Sebagai makhluk sosial, Al Qur’an menerangkan bahwa sekalipun manusia memilikipotensi fitrah yang selalu menuntut kepada aktualisasi iman dan takwa, namun manusia tidak terbebas dari pengaruh lingkungan atau merupakan agen positif yang tergantung pada pengaruh lingkungan terutama pada usia anak-anak. Oleh karena kehidupan masa anak-anak ini sangat mudah dipengaruhi, maka tanggung jawab orang tua sangat ditekankan untuk membentuk kepribadian anak secara baik (At-Tahrim: 6) Namun demikian, setelah manusia dewasa (mukallaf), yakni ketika akal dan kalbu sudah mampu berfungsi secara penuh, maka manusia mampu mengubah berbagai pengaruh masa anak yang menjadi kepribadiannya (keputusan awal) yang dipandang tidak lagi cocok (Ar-Ra’du: 85 dan Al-Hasyr:18), bahkan manusia mampu mempengaruhi lingkungannya (produser bagi lingkungannya) (Al-Ankabut: 7, Al-A’raf: 179, Ali-Imran: 104, Al-Ashr:3, dan At-Taubah:122). Sebagai makhluk sosial ini pula manusia merupakan bagian dari masyarakat yang selalu membutuhkan keterlibatan menjalin hubungan dengan sesamanya, hal ini disebut dengan silaturrahmi (Al-Hujurat:13, Ar-Ra’du: 21, dan An Nisa: 1).

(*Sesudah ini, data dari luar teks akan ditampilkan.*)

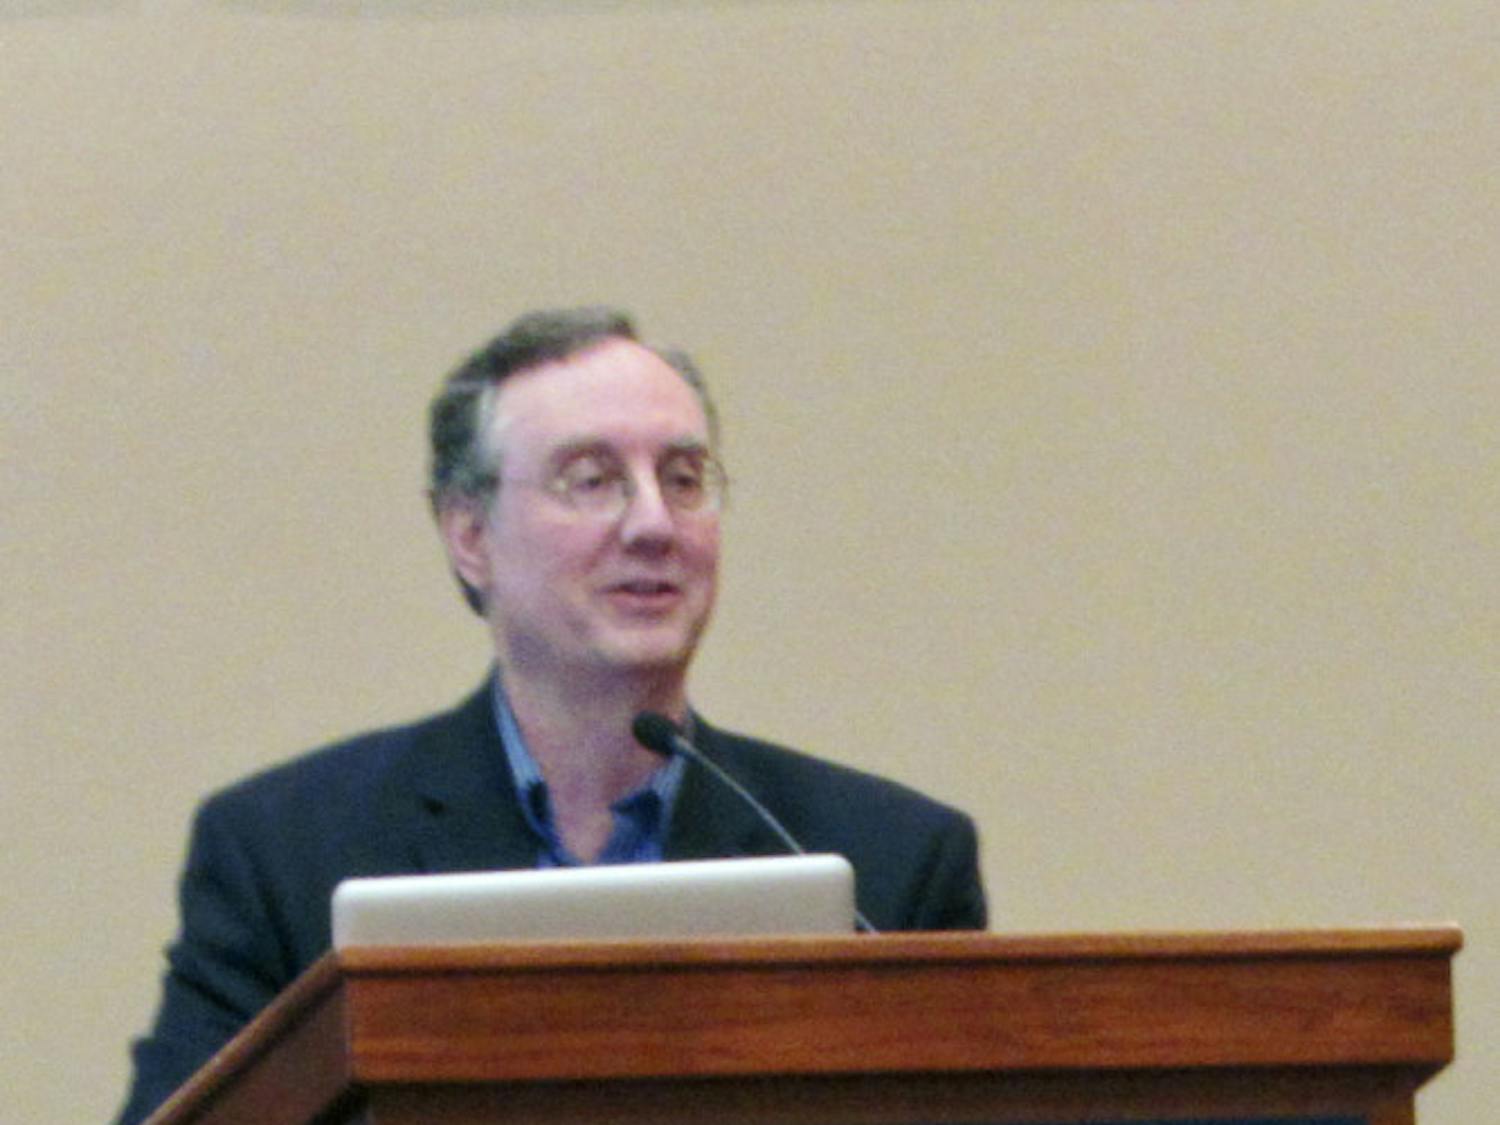 Dr. Juan Cole, a professor of history from the University of Michigan, speaks to an audience on youth involvement in Middle Eastern politics in the Reitz Union Grand Ballroom on Thursday night.

d. Sebagai Makhluk Religius
Konsep konseling tidak ada menerangkan manusia sebagai makhluk religius. Sebagai makhluk religius manusia lahir sudah membawa fitrah, yaitu potensi nilai-nilai keimanan dan nilai-nilai kebenaran hakiki. Fitrah ini berkedudukan di kalbu, sehingga dengan fitrah ini manusia secara rohani akan selalu menuntut aktualisasi diri kepada iman dan takwa dimanapun manusia berada (Ar-Ruum: 30 dan Al-A’raf:172-174). Namun tidak ada yang bisa teraktualisasikan dengan baik dan ada pula yang tidak, dalam hal ini faktor lingkungan pada usia anak sangat menentukan. Manusia sebagai makhluk religius berkedudukan sebagai abidullah dan sebagai khalifatullah di muka bumi.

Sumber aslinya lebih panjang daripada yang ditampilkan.